An estimated 5,000 men, women, and children lost their lives in a chemical weapons attack by the Iraqi regime of Saddam Hussein, March 16, 1988. (Archive# ME080)

The Anfal campaign, classified by scholars as a genocide, was an organized attempt by the Iraqi regime to eradicate Kurdish aspirations for political and cultural autonomy. The first Anfal operation occurred between February and August of 1988, and successive operations continued throughout the next several years. The term Anfal comes from a distortion of a sura from the Quran entitled the Surat al-Anfal, which tells the story of the battle of Badr. In it Allah reveals his will to inspire the Muslims to defeat the infidels from the city of Mecca.

At the tail end of the Iran-Iraq war, the Kurdish region in northern Iraq was the scene of a last gasp effort by Iranian forces allied with the PUK, to capture Iraqi territory and to prolong the war. The regime had already begun to use chemical weapons in 1987 to battle the increasingly effective and powerful Kurdish opposition militias (peshmerga) who were fighting for autonomy in northern Iraq.

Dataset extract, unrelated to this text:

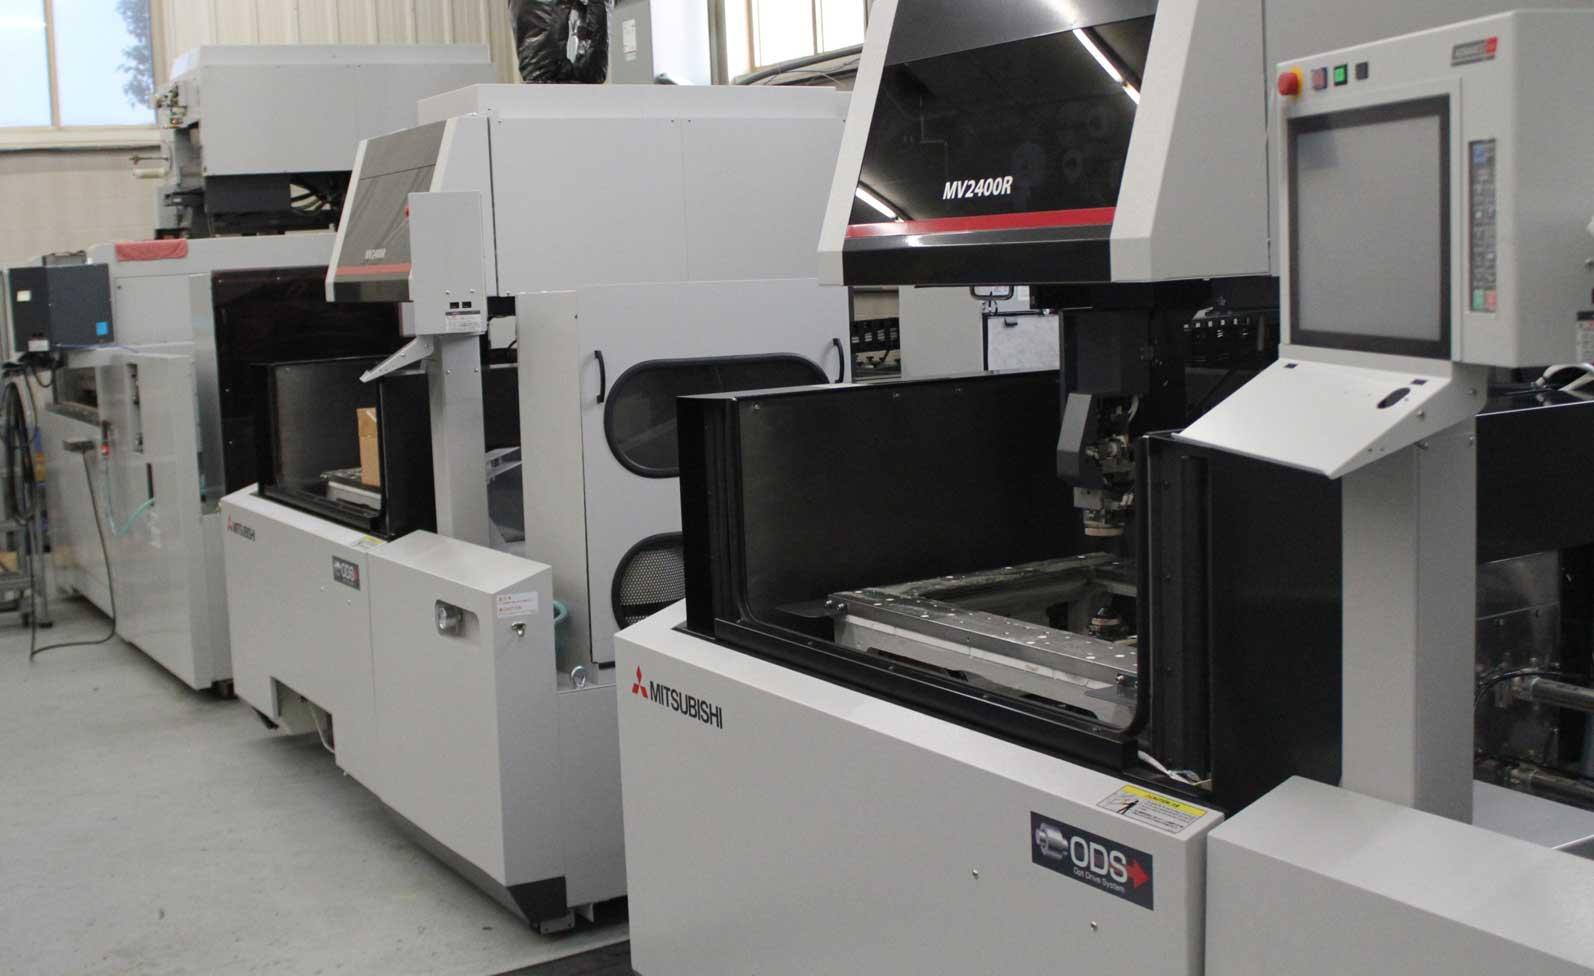 Vendka purchase metal fabrication machinery equipment, cnc lathe

This fierce repression became an organized and institutionalized genocide in 1988.

In the series of Anfal operations, the Iraqis used chemical weapons and heavy bombardments to decimate civilian populations, due in part to the unavailability of troops who were at the Iranian front. The strategy also included the destruction of villages, mass executions, and deportations of civilians including women and children. In a particularly cruel practice, those who sought medical attention in the urban centers for the treatment of exposure to chemical agents were rounded up and disappeared.

In all an estimated 182,000 Kurds lost their lives and/or disappeared in this organized reign of terror. In addition, hundreds of thousands of Kurdish civilians were displaced from their homes as an estimated 4,000 villages were destroyed and a process of Arabization was enforced. The most notorious and widely publicized incident occurred in Kurdish town of Halabja, where on March 16, 1988 an estimated 5,000 men, women, and children lost their lives. Over 10,000 were wounded and to this day suffer the effects caused by exposure to chemical agents.